Beckram didn't know what mistake the fool had made, but he was determined not to make the same one. He'd been very careful to stay out of politics. He never asked any favors. He never talked to anyone about the queen—except for Erdrick, and that didn't count—though, of course, everyone knew.

But surely asking her to reinstate Ward wasn't a favor—just the opposite. Hurog wasn't as bad as all that. Not many people would risk their lives to give it away. Risk their lives.

Who'd have thought he would risk his life for Ward?

Well, he decided, as he walked down the corridor to the garden door where the ladies all gathered with their favored gentlemen just before luncheon, he would never tell Ward. Ward liked to hug people who helped him, and Ward's hugs were neither dignified nor gentle. There was a lilt in Beckram's step. Risk his life; he liked that.

 

TEHEDRA
F
OEHNE
T
ALLVEN
, Q
UEEN OF
Tallven and the Five Kingdoms, lay back in her favorite corner of the garden and let her maid fiddle with her hair. The corner was isolated, almost out of view of the rest of the garden, and when she was in it, the rest of the ladies knew to leave her alone.

The sweet scent of the blossoming bush she'd never bothered to learn the name of was as soothing as her maid's hands. There had been one just like it outside her window at her childhood home, down to the pink tinge on
edges of the white petals. With her eyes closed, she could almost hear her mother's scolding voice and her father's deeper, richer tones soothing her.

“Ah, my fair one sleeps the morning away.”

Involuntarily, a smile caught her lips, but she let it widen into something more artificial as she opened her eyes. It would never do for the maid to report that her mistress looked upon her lover with tenderness.

“Beckram, my dear.”

He smiled and let his eyes roll over her with admiration she suspected was partially true. He might be young, but she had the figure of a woman half her age. She wondered why the king had selected this one for her. Was he trying to test her? Onev hadn't been so young, though he'd been softer, less clever. It hadn't taken a full year before Jakoven had him killed. She hoped Beckram lasted longer. She wished she could save him, but she'd learned better a long time ago. So she would savor her enjoyment while it lasted and try not to grow too attached. It helped that he never talked of anything but nonsense. The one before Onev had liked sailing. She'd managed to forget his name after he'd disappeared, but she remembered that.

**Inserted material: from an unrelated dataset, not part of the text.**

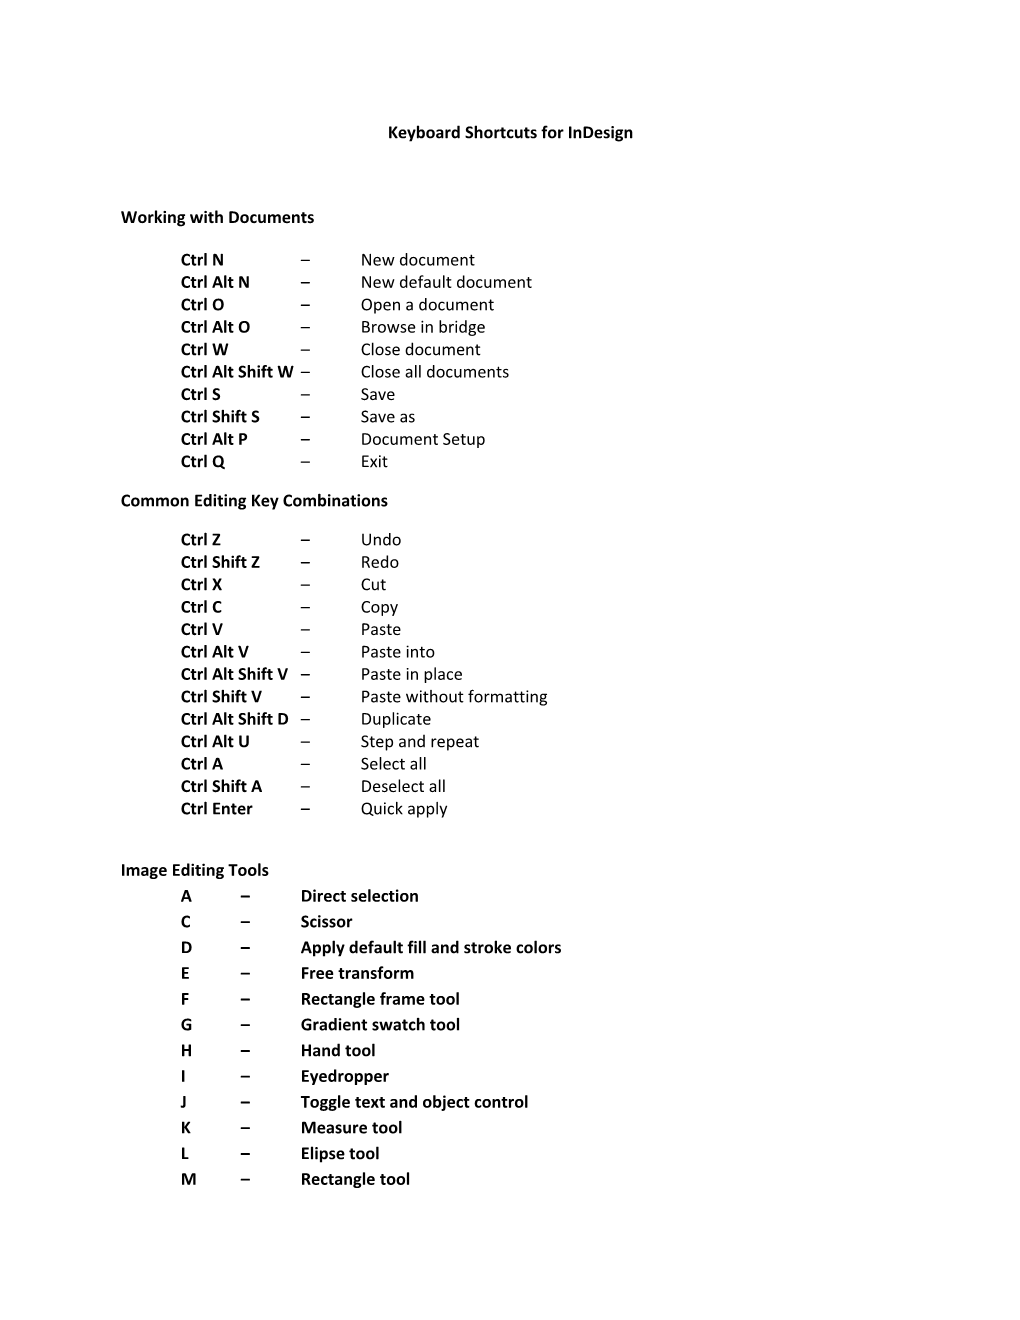 Keyboard Shortcuts for Indesign

“My love, you make the summersweet blush in shame,” he gestured toward her favorite bush.

“Is that what it is?” she asked, startled that she'd just been wondering, and he'd answered her unspoken question. She'd remember him now, she thought, every time she saw the bush.

He laughed. “I think so, but my brother's the one to ask. What did you do to him, anyway? He was really nervous about you this morning.”

She fought to keep her public mask on. “Last night we were standing next to each other—I thought he was you. I—” Ridiculous to be embarrassed about it, she told herself. She played her role, and had for longer than this child had been alive. She managed to go on smoothly.
“—pinched his rump. I thought he was going to pass out.” She rolled her eyes, though she'd been touched by his innocence.

Beckram laughed again, settling himself at her feet with the boneless grace of youth. “He takes things too seriously.” He took one of her feet into his hands and rubbed it gently, with just enough pressure that it didn't tickle.